Глеб вспомнил этот разговор теперь, стоя на своем НП.
Отсюда, с наблюдательного пункта, Глебу Макарову был виден
весь сектор обороны полка, за исключением тех немногих
участков, которые прикрывались кустарником и леском на
левом фланге у железной дороги, где стояла батарея Думчева.

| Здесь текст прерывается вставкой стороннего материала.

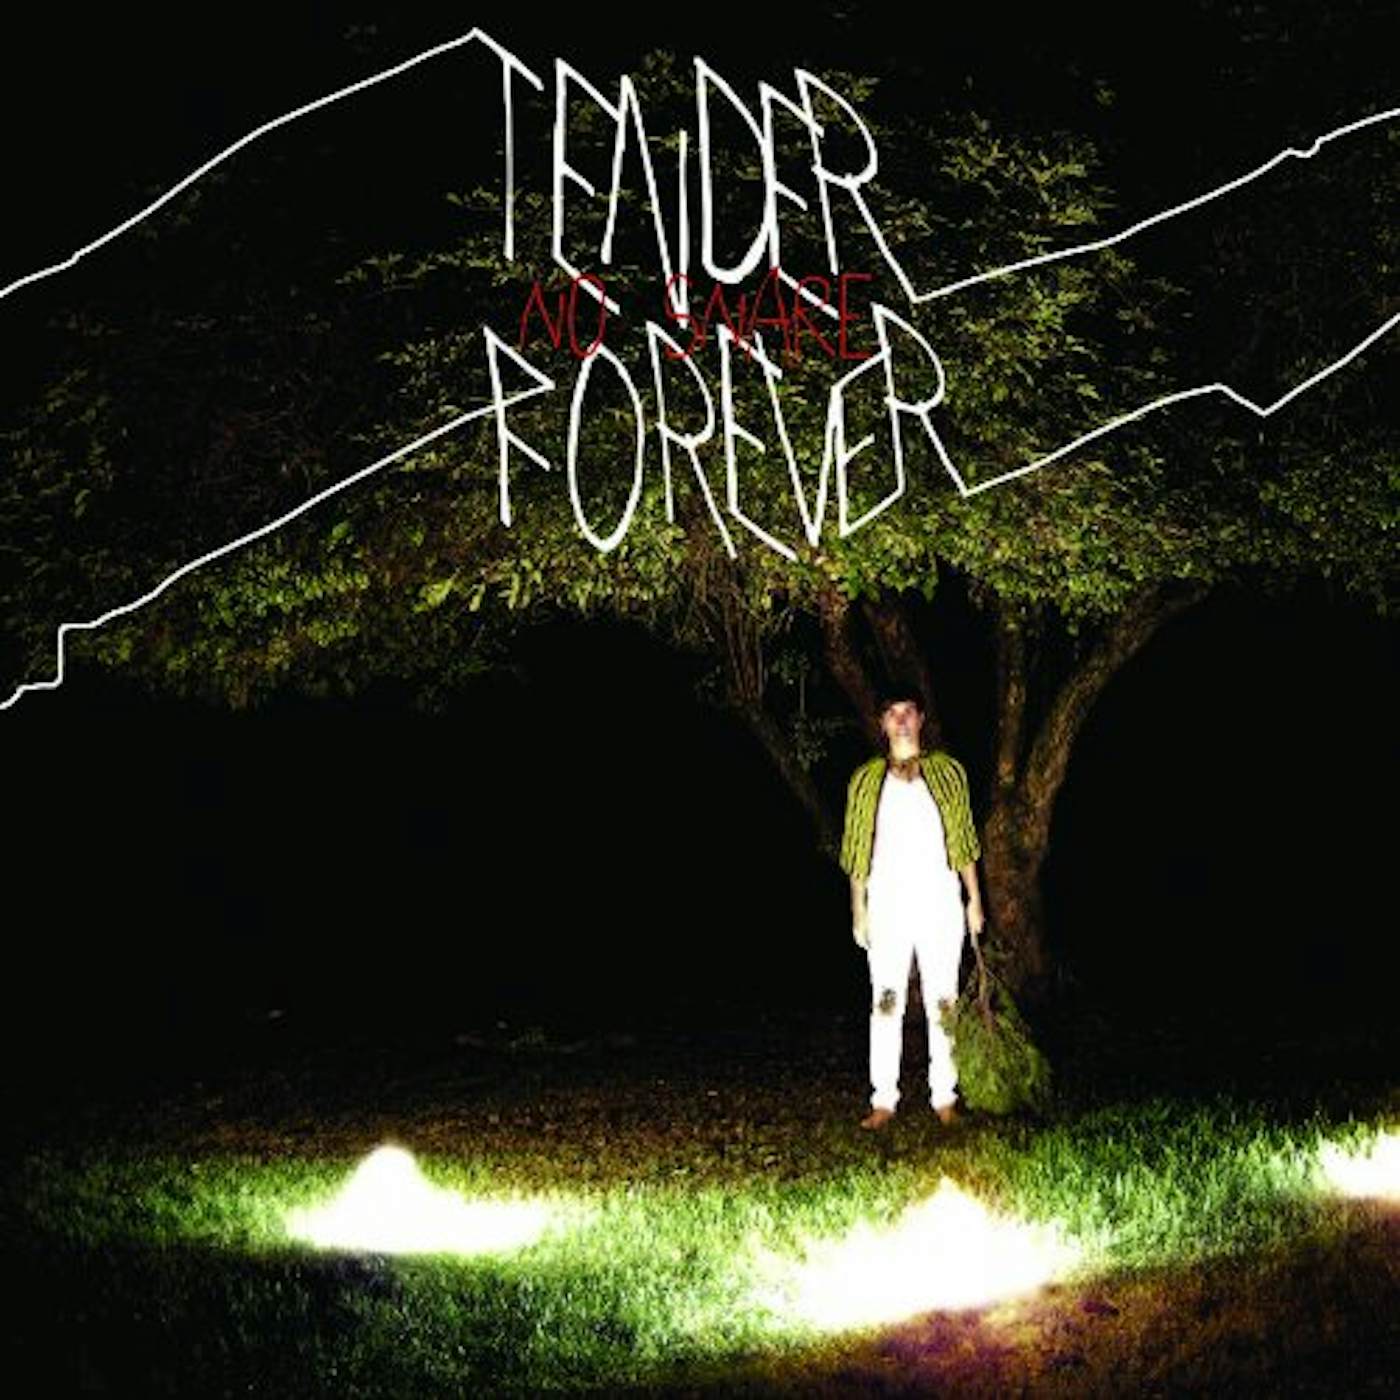 Tender Forever No Snare Vinyl Record

Глеб знал, что весь полк, все его подчиненные – от командира
дивизиона до подносчика патронов – внимательно наблюдают
сейчас за приближением вражеских танков и, затаясь, как
охотники в засаде, ждут момента, чтобы ударить неожиданно
метким прицельным снарядом. Глеба беспокоили не столько
эти танки, сколько идущие вслед за ними бронетранспортеры с
мотопехотой. Полк не имел стрелкового прикрытия и, как еще
раз подтвердил Полосухин, должен был надеяться только на
собственные силы. Левый фланг, особенно этот лес у
железной дороги, вызывал особую тревогу командира полка,
он даже хотел перебросить к Думчеву со стороны
Семеновского один огневой взвод, но после того, как комдив
сообщил, что на правом фланге дела пошатнулись и немецкие
танки заняли деревню Бородино, а оттуда могли повернуть на
Семеновское, выйти во фланг и в тыл артиллерийским
позициям Макарова, Глеб решил, что никого не надо никуда
передвигать, просто надо драться хладнокровно, так, чтобы
каждый снаряд попадал в цель.
Он знал, что теперь исход боя с прорвавшимися у
Шевардино и устремившимися к Багратионовым флешам и
Семеновскому фашистами будет зависеть не от командарма и
комдива, у которых нет резервов, и даже не от него самого -
командира полка, а от тех, кто непосредственно стоит у
орудий. Со своей стороны он как будто все предусмотрел, все
сделал. Он вспомнил те свои слова, которые говорил сегодня
бойцам и командирам, и подумал с досадой, что чего-то
недосказал, не сумел так, как бы это смог покойный Гоголев. У
комиссара получалось все как-то проникновенней, горячей. Тот
знал силу слова, берущего за душу. И слова свои подтвердил
личным примером. У Гоголева слова не расходились с делом.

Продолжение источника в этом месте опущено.